* Your instructions
Write out the listing verbatim. No pictures belong in it.

* Raw data
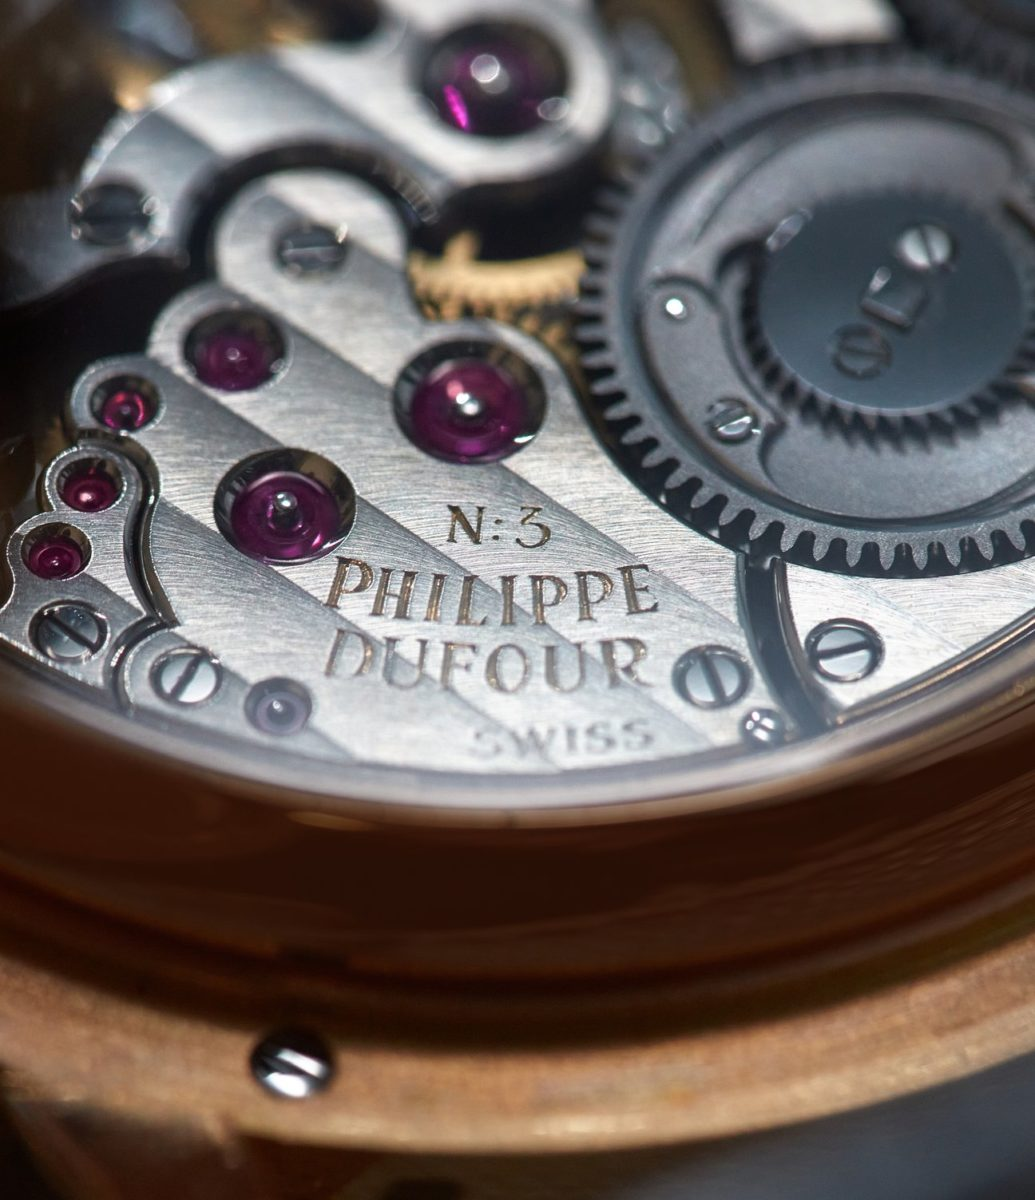 Philippe Dufour record
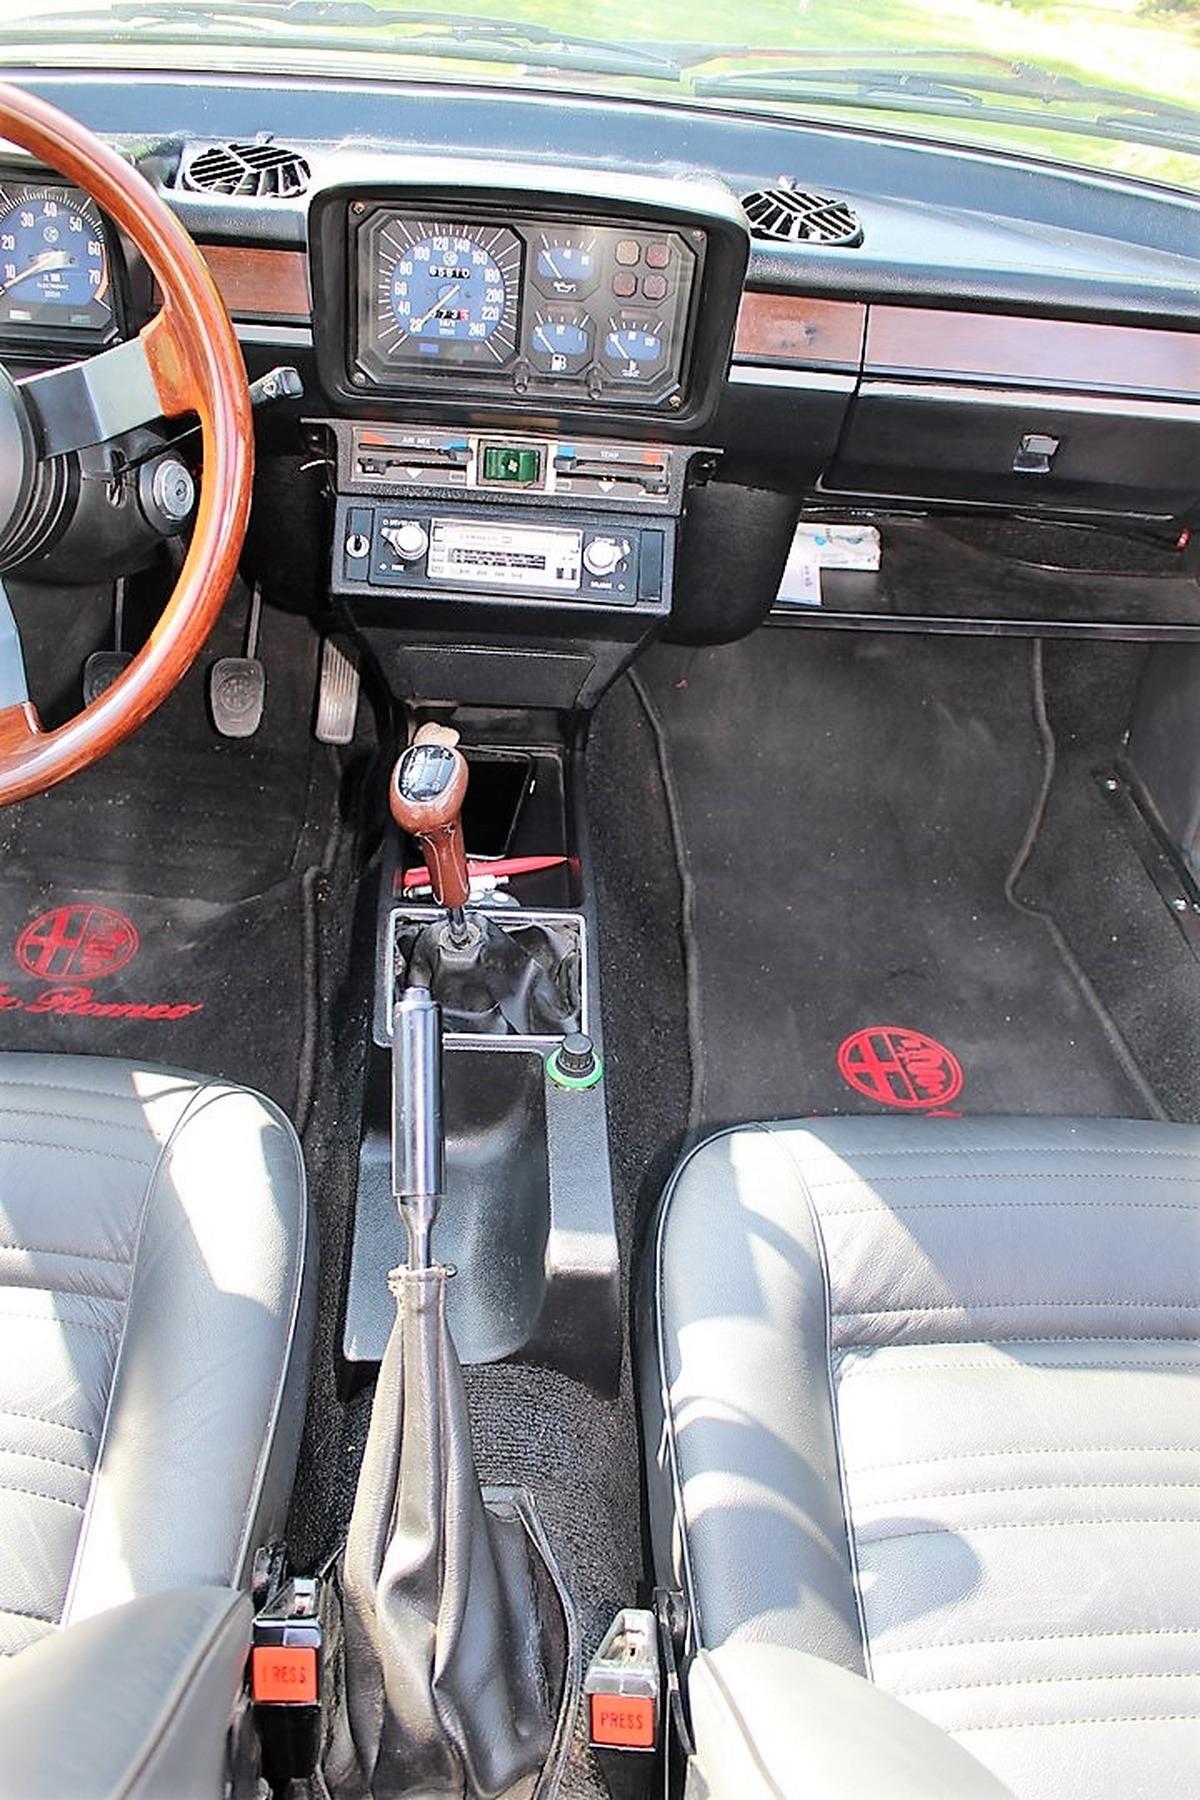 Alfa Romeo Gtv ALFETTA 2.0 132 cv RESTAURER
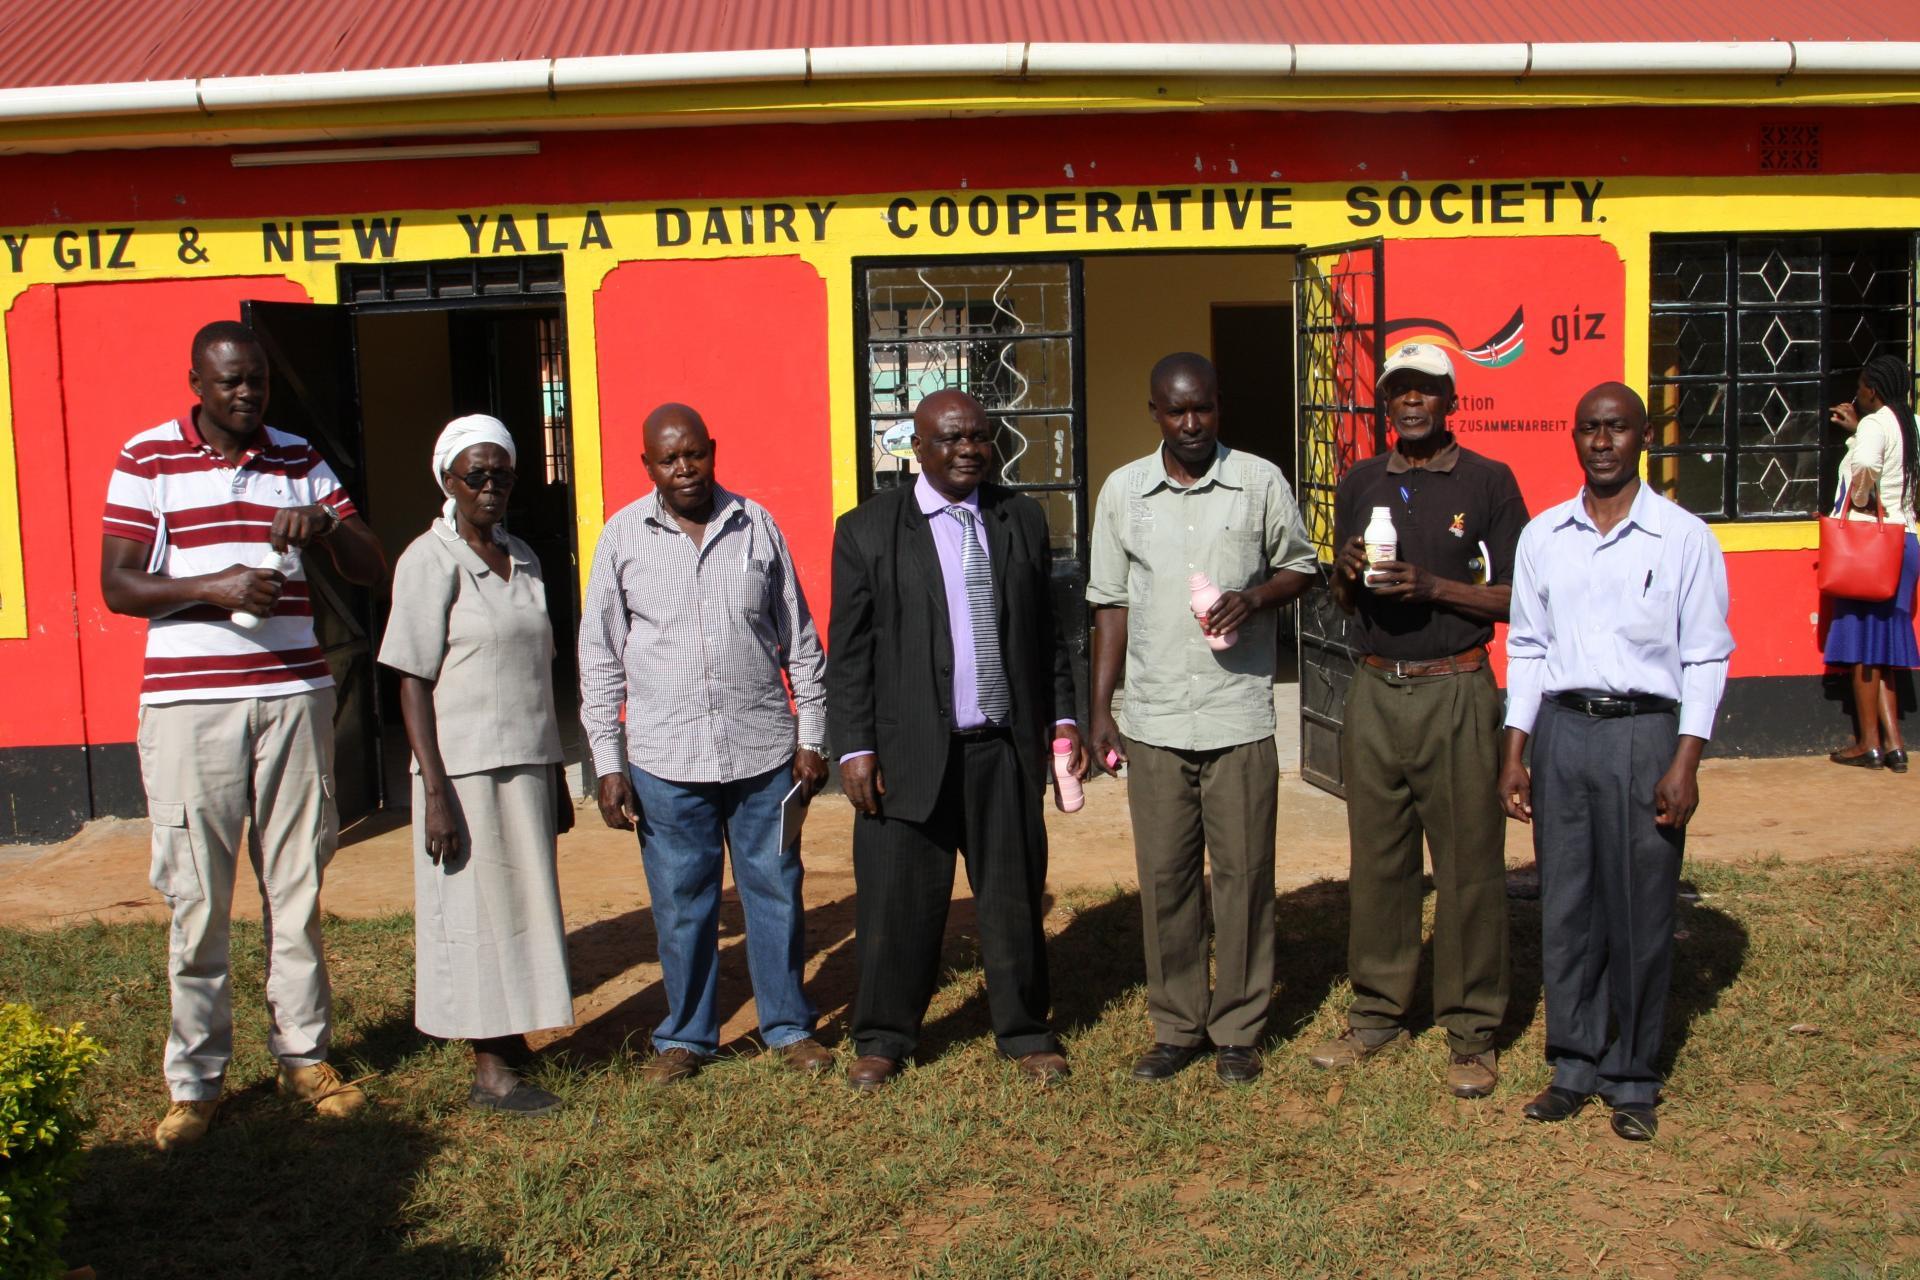 New Yala dairy group
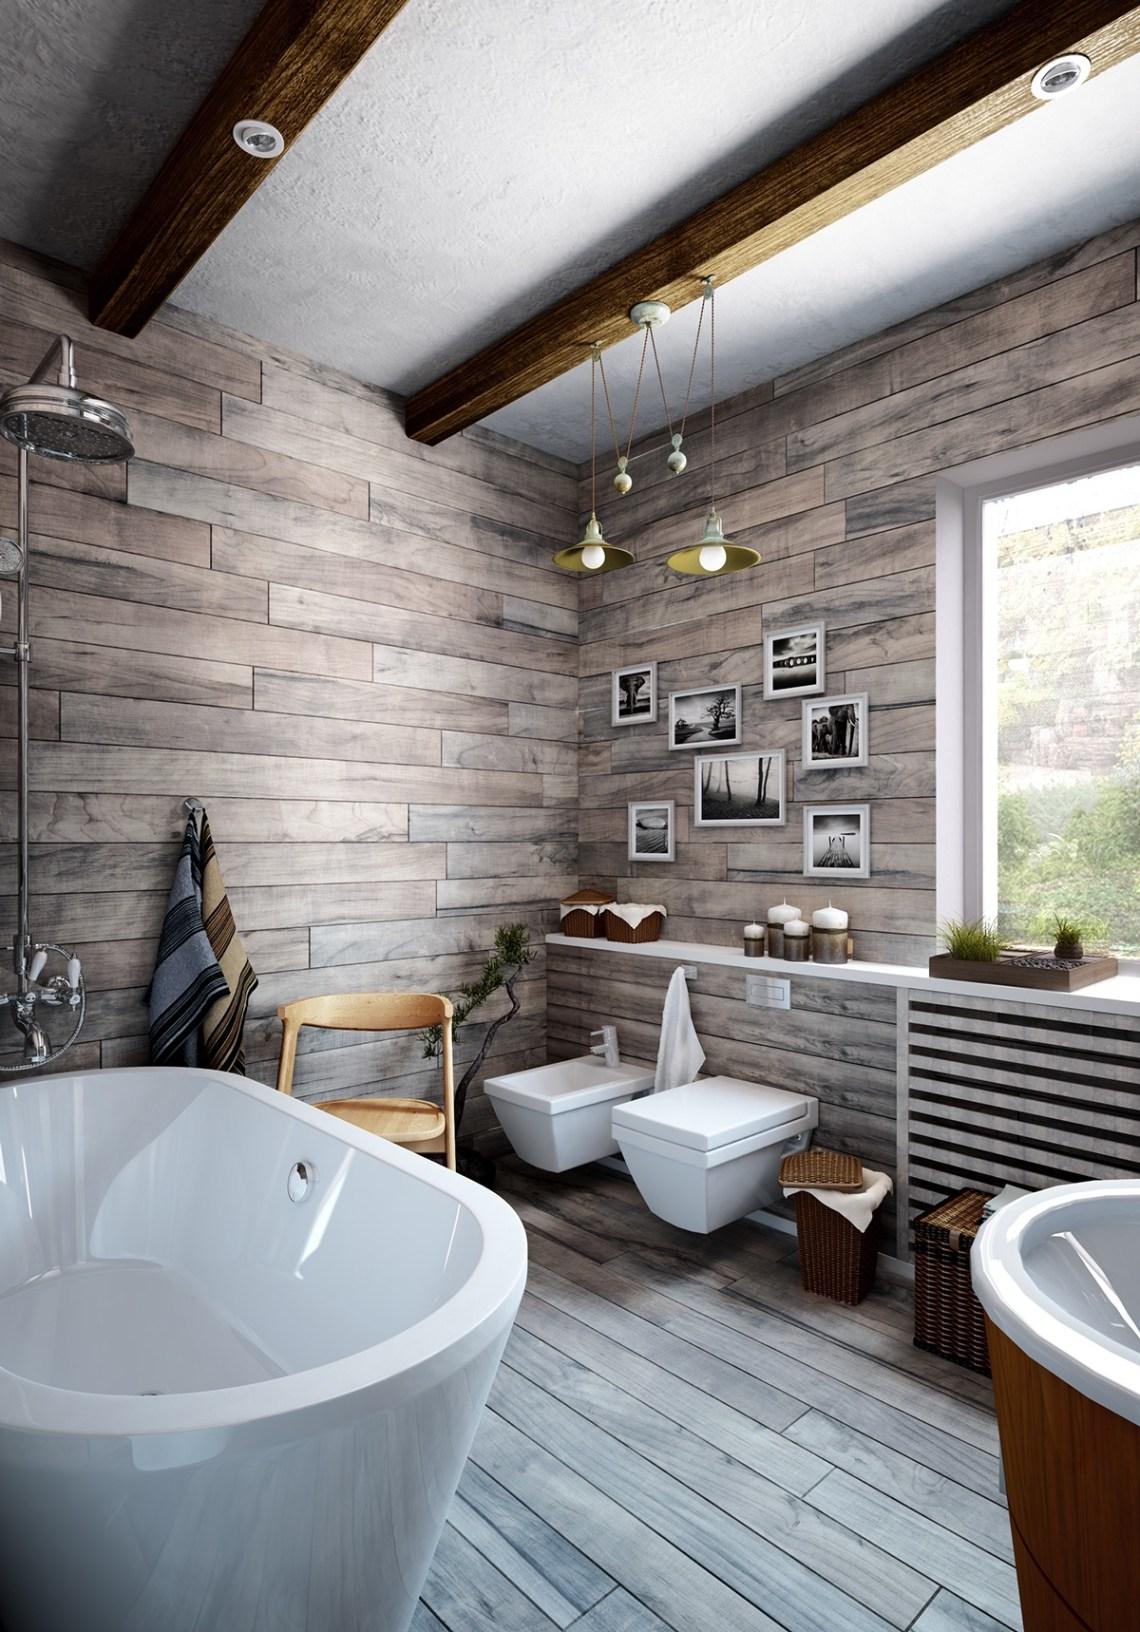 Modern Bathroom Design Ideas Using a Wooden Accent As The ...

* Final answer
 Philippe Dufour record
 Alfa Romeo Gtv ALFETTA 2.0 132 cv RESTAURER
 New Yala dairy group
 Modern Bathroom Design Ideas Using a Wooden Accent As The ...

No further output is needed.